Monitoring Your Blood Pressure at Home
Home blood pressure monitoring can help you catch rising numbers between prenatal visits. If you decide to track at home, the device matters: standard consumer cuffs are not all validated for use during pregnancy, because the cardiovascular changes of pregnancy can affect accuracy. The British and Irish Hypertension Society and STRIDE BP maintain lists of monitors that have been independently tested and approved for pregnant women. An upper-arm cuff is preferred over a wrist model.
That said, current evidence from NHS England’s review notes that no large trial has demonstrated that home self-monitoring changes clinical outcomes in pregnancy. The value is primarily in catching a trend early, particularly if you have risk factors or live far from your care provider. It’s a supplement to, not a replacement for, the blood pressure checks at your prenatal appointments. If you see readings consistently at or above 140/90, contact your provider rather than waiting for your next scheduled visit.
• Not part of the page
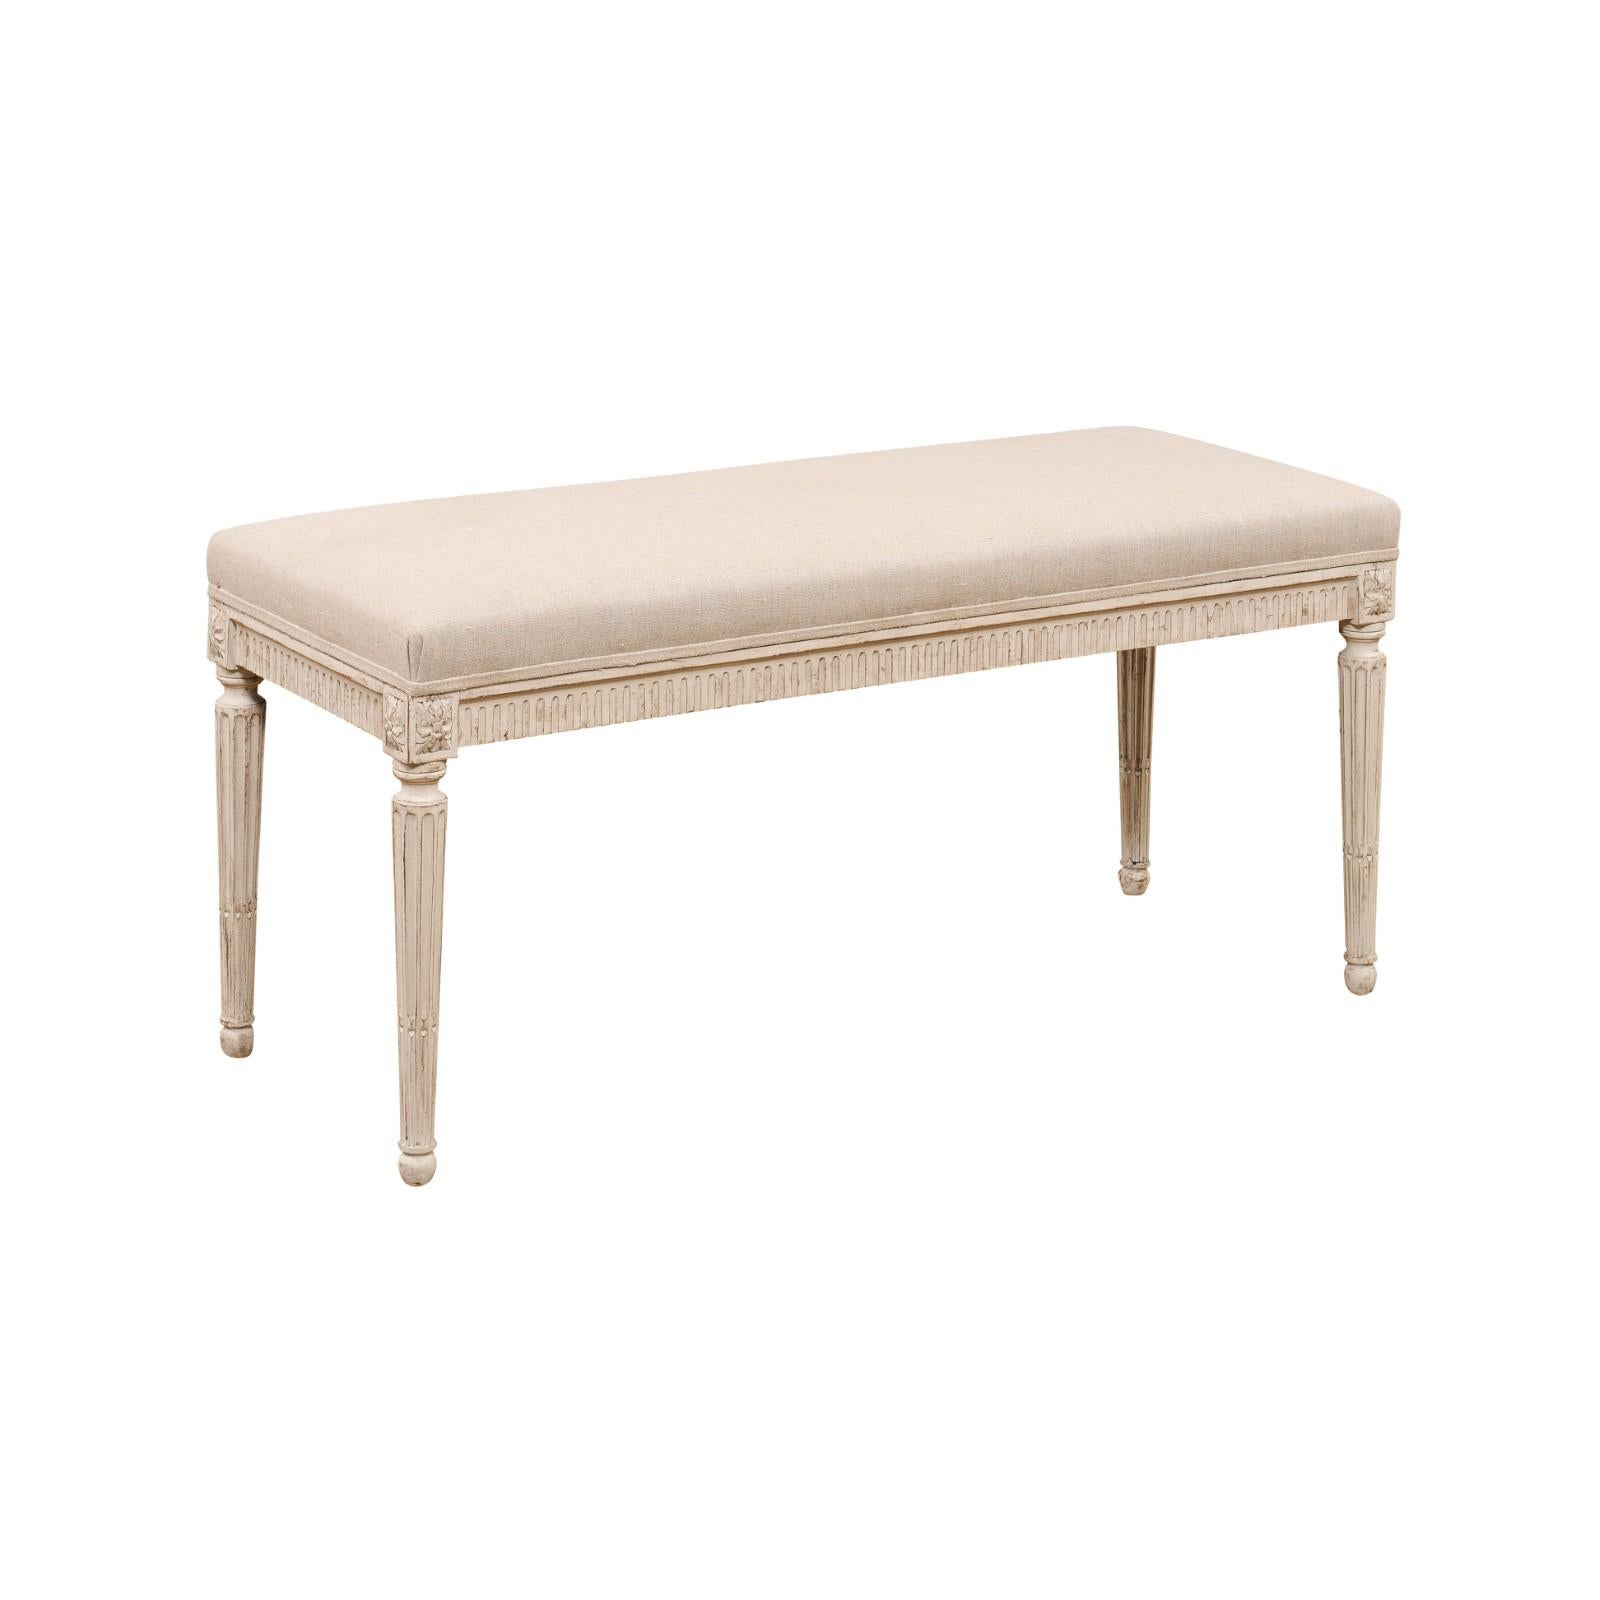 A Swedish Gustavian style painted wood bench from the late 19th century with lift-top, fluted apron, carved rosettes and cylindrical tapering legs. Created in Sweden during the last quarter of the 19th century, this painted bench features a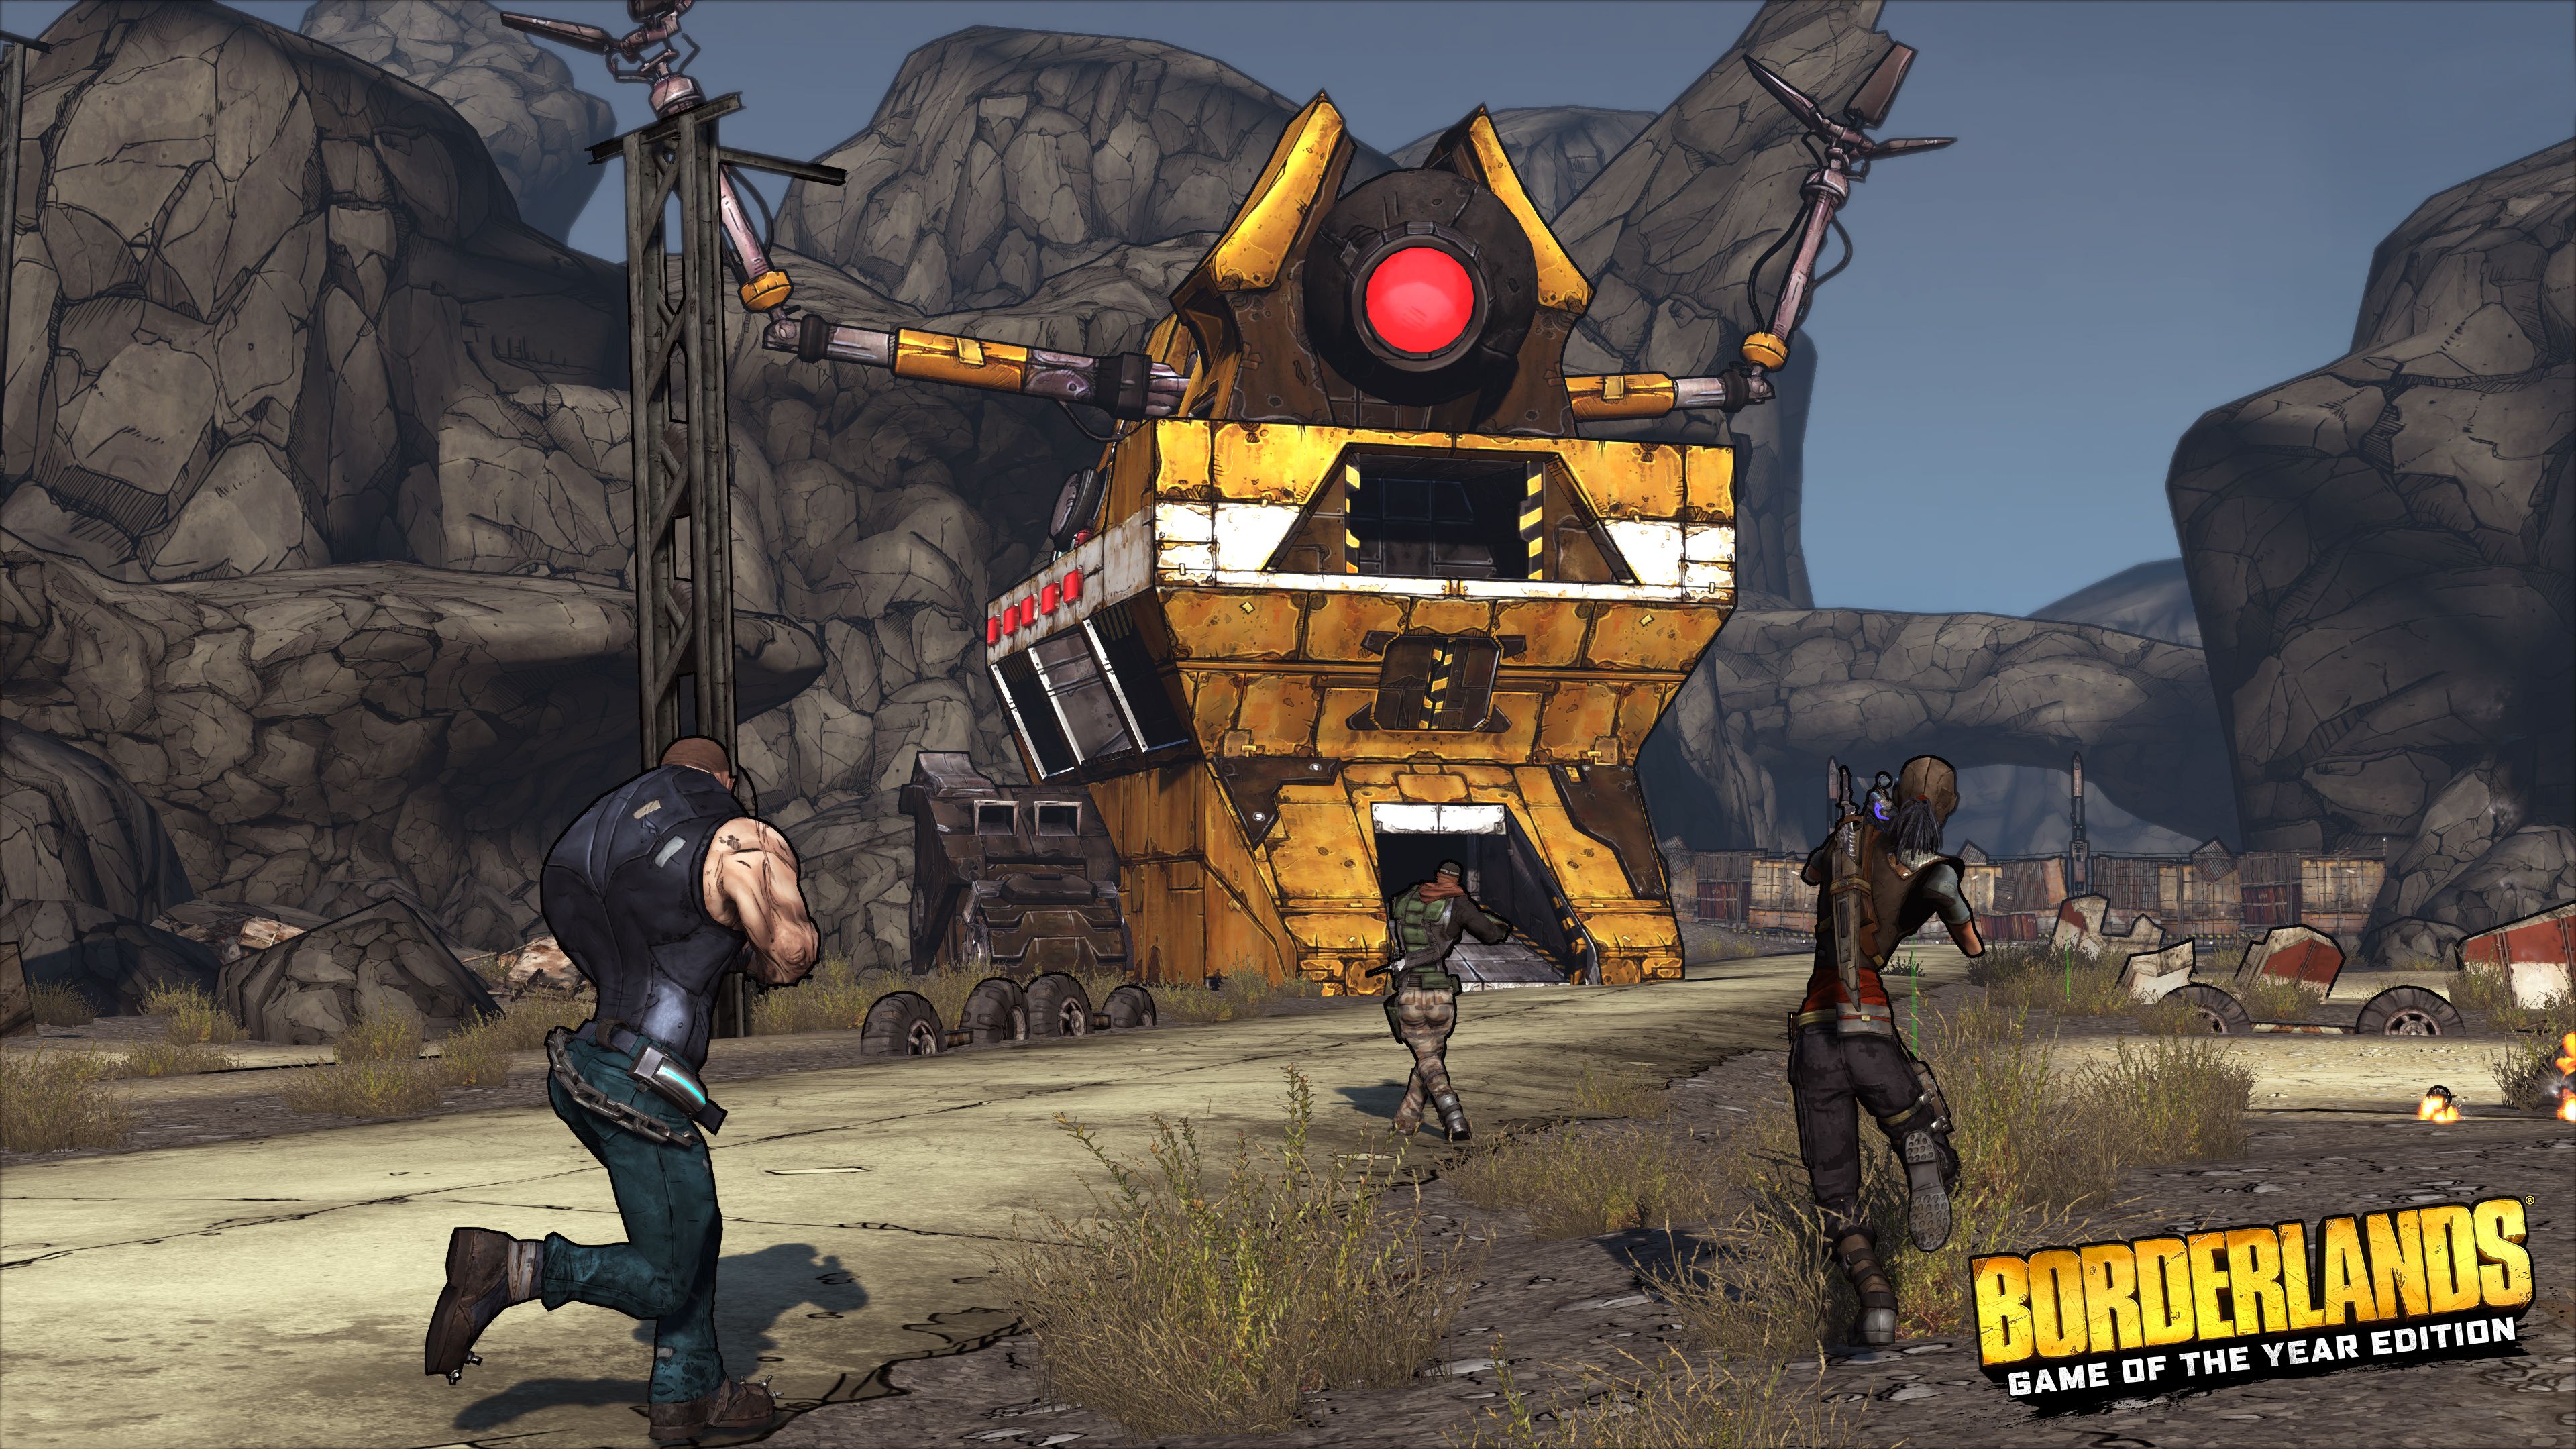 Borderlands-Game-of-the-Year-Edition_2019_03-28-19_005

What You Can Do Before Pregnancy
If you’re planning a pregnancy and have modifiable risk factors, the preconception window is your best opportunity. Reaching a healthier BMI before conceiving reduces your baseline risk. Getting blood pressure, blood sugar, and kidney function checked establishes whether you have chronic conditions that would place you in the high-risk category from day one. If you already take blood pressure medication, you’ll need to discuss which medications are safe to continue during pregnancy, since some commonly used drugs are not recommended.
Building an exercise habit before pregnancy also matters, because the evidence for exercise in preventing gestational hypertension is strongest when activity begins in the first trimester. Starting from a baseline of regular movement makes that transition much easier than trying to build a new routine while dealing with first-trimester fatigue.